The office engages in applied research and technology integration, collaborating with academic partners such as University of Chicago, Northwestern University, University of Illinois Chicago, and research centers like the Cooperative Institute for Mesoscale Meteorological Studies. It participates in field campaigns that leverage mobile radar platforms and dense observation networks used in projects associated with the National Science Foundation and Federal Aviation Administration studies. Partnerships with Illinois State Water Survey inform hydrometeorological forecasting, while coordination with NOAA Great Lakes Environmental Research Laboratory supports lake-effect and lake-breeze process studies.

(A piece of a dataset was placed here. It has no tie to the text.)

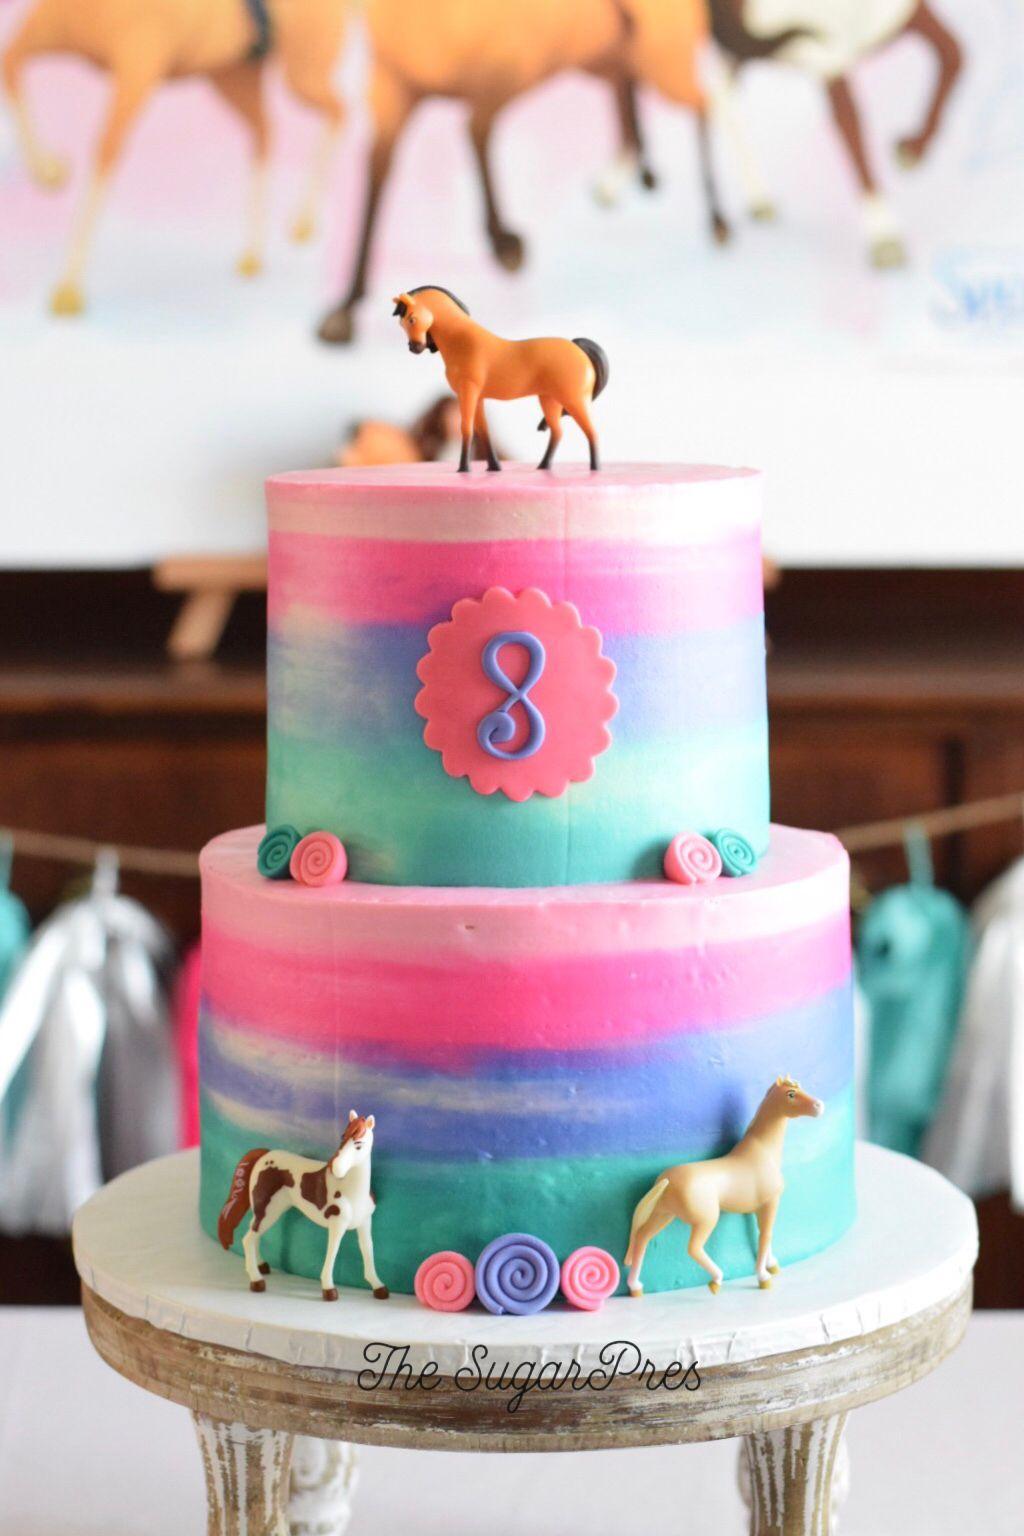 Sensational Spirit Spiritridingfree Birthdaycake Birthday Vanillacake Funny Birthday Cards Online Benoljebrpdamsfinfo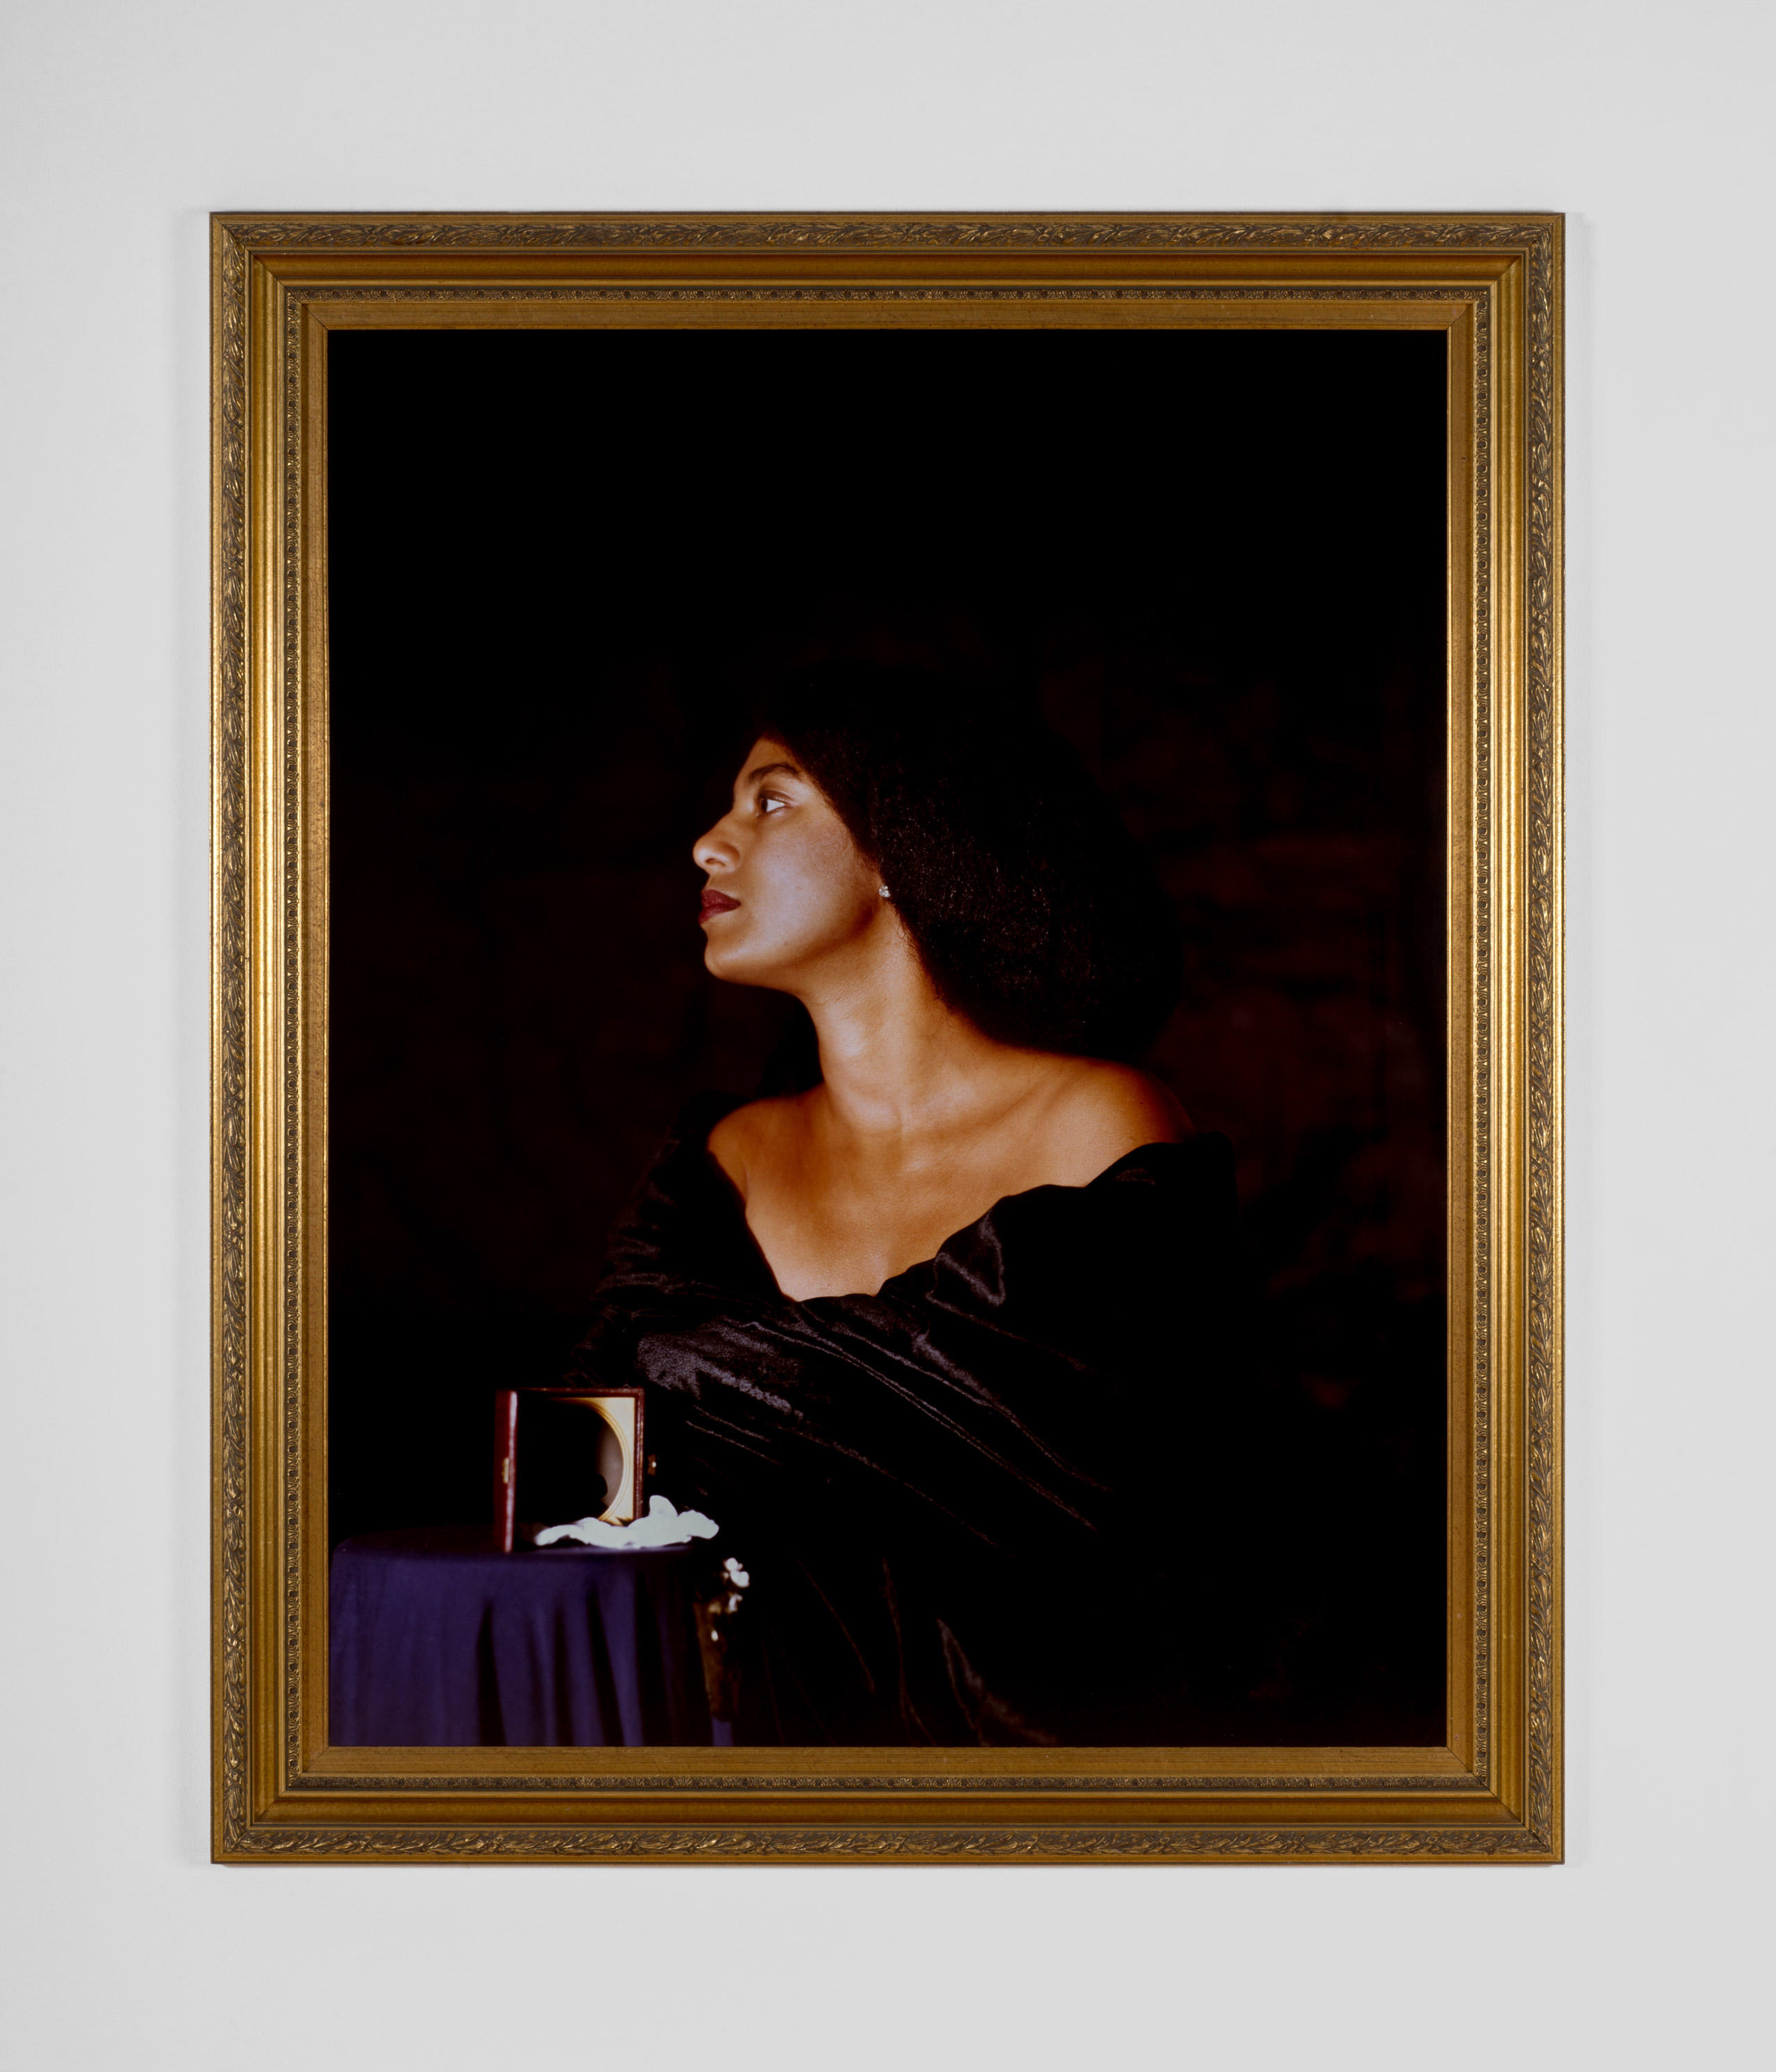 'Calliope' by Maud Sulter, 1989

The office contributes operational observations to national datasets and evaluates new tools such as probabilistic QPF derived from the Ensemble Kalman Filter and machine learning models tested by teams at Argonne National Laboratory.
Public outreach includes education and preparedness initiatives with schools in districts like Chicago Public Schools and community organizations including local American Red Cross chapters and county emergency management offices. The office supports CERT programs and public briefings during events affecting venues such as Navy Pier and Soldier Field, and provides training for broadcasters, emergency managers, and first responders through workshops hosted with entities like the Illinois Emergency Management Agency. Engagements include storm spotter training coordinated with the Skywarn program, climate services discussions with Chicago Climate Action Plan stakeholders, and participation in community resilience efforts tied to heat-health action plans and urban heat island studies conducted with universities and municipal partners.